Sunday, June 5, 2016

The Church is a Vessel

Are you worried that the LDS Church is too "rigid?" I wouldn't blame you if you were: the Church today seems authoritarian, bureaucratic, and patriarchal, and it reeks of everything called "the man." Unsurprisingly, I was worried about this too for a long time. And I only stopped worrying when I realized that this rigidity is what the Church is for. For the Church isn't about the Church. What the Church is about is what it contains. And like any container, it can only contain its contents by being rigid.

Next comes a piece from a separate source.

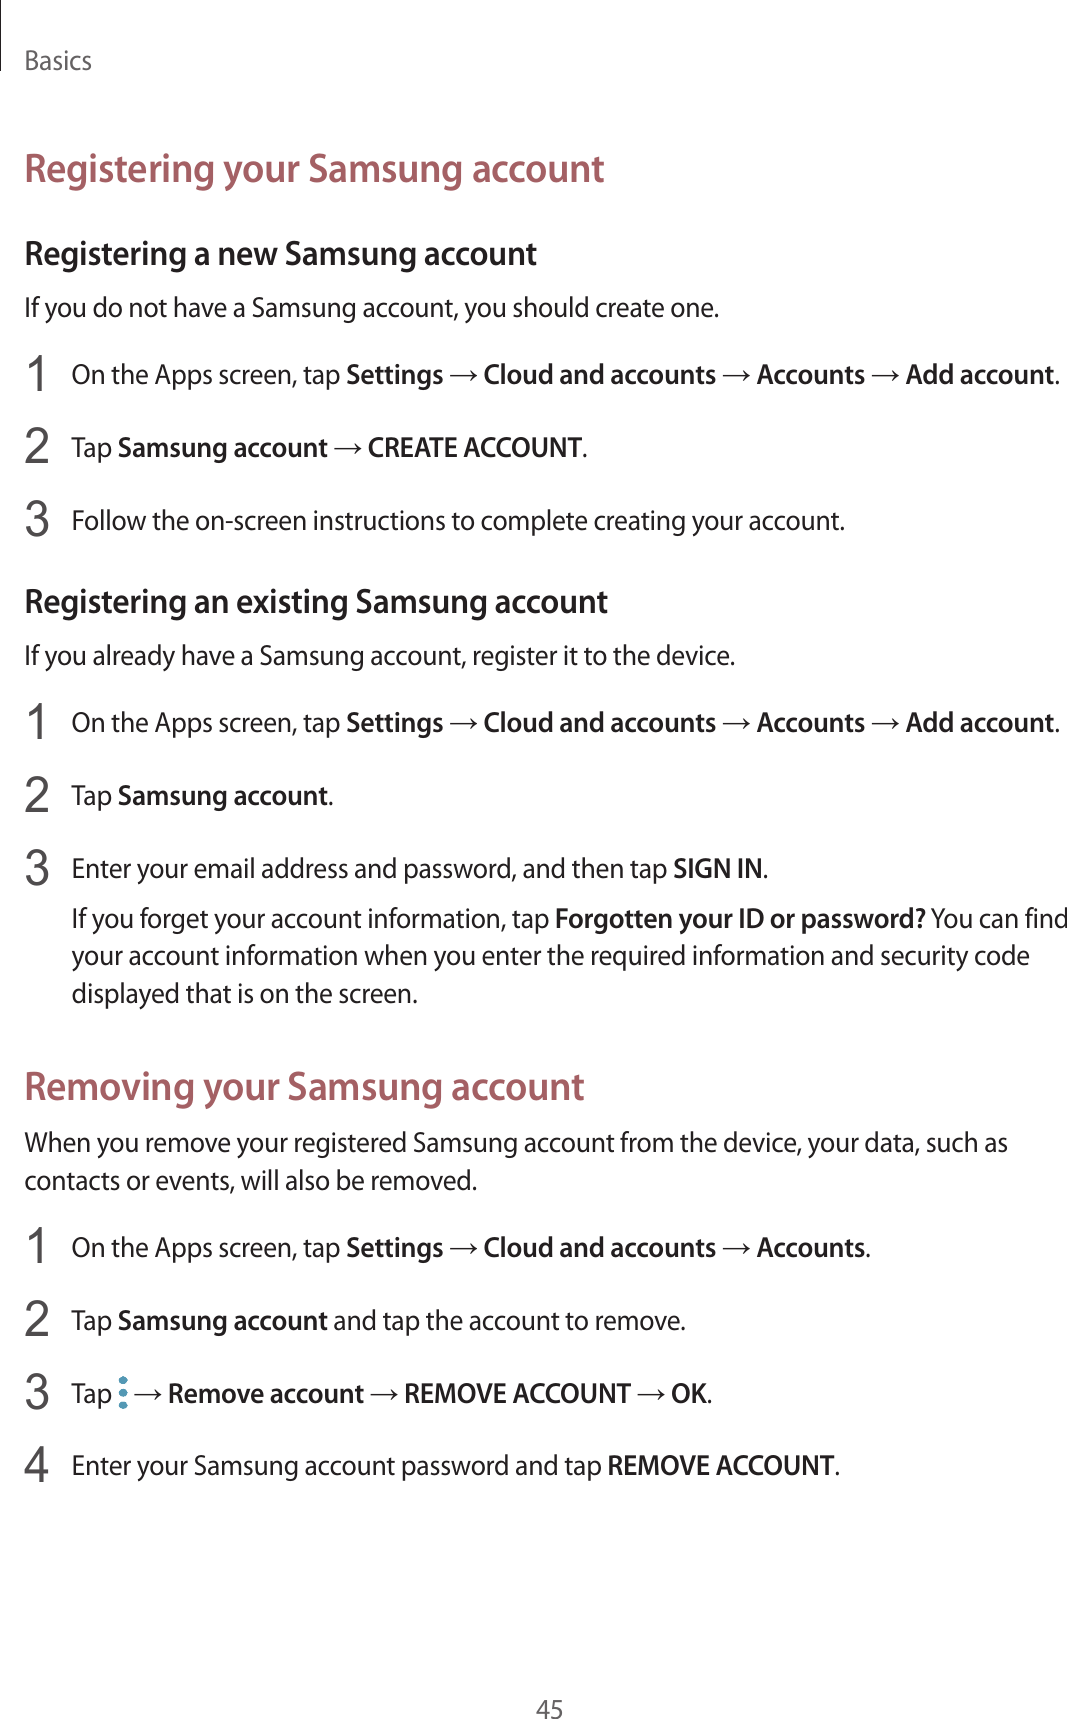 Basics45Registering your Samsung accountRegistering a new Samsung accountIf you do not have a Samsung account, you should create one.1  On the Apps screen, tap Settings → Cloud and accounts → Accounts → Add account.2  Tap Samsung account → CREATE ACCOUNT.3  Follow the on-screen instructions to complete creating your account.Registering an existing Samsung accountIf you already have a Samsung account, register it to the device.1  On the Apps screen, tap Settings → Cloud and accounts → Accounts → Add account.2  Tap Samsung account.3  Enter your email address and password, and then tap SIGN IN.If you forget your account information, tap Forgotten your ID or password? You can find your account information when you enter the required information and security code displayed that is on the screen.Removing your Samsung accountWhen you remove your registered Samsung account from the device, your data, such as contacts or events, will also be removed.1  On the Apps screen, tap Settings → Cloud and accounts → Accounts.2  Tap Samsung account and tap the account to remove.3  Tap   → Remove account → REMOVE ACCOUNT → OK.4  Enter your Samsung account password and tap REMOVE ACCOUNT.

A Digression on Christ's Sword

I'll explain what I mean, but first, a digression. Christ didn't come to earth to establish a literal kingdom of peace. Quite the opposite, actually: in the Book of Matthew, he says this iconoclastic line:

Think not that I am come to send peace on earth: I came not to send peace, but a sword. (Matthew 10:34)
Think of that! While most of us conceive of Jesus as a peace-bringing, lovable guy, he actually came here to bring conflict. And of course, that's what happened: from the era of persecuted Christians through Constantine, the Crusades, the Spanish Inquisition, and the wars between Protestants and Catholics, Christ's message did indeed bring the sword. But He brought more than just the wars of religion. Christ said that He had fulfilled the Law and that there was no longer a need to keep it; love was enough. So it's therefore not surprising that after the Catholic Church got established, worldly power began dissolving in gradual steps. First with the Protestant Reformation and then with the Enlightenment, the American and French Revolutions, the Communist and Feminist movements, and even modern-day gender anarchy, the Christian doctrine that "all you need is love" also brought "the sword."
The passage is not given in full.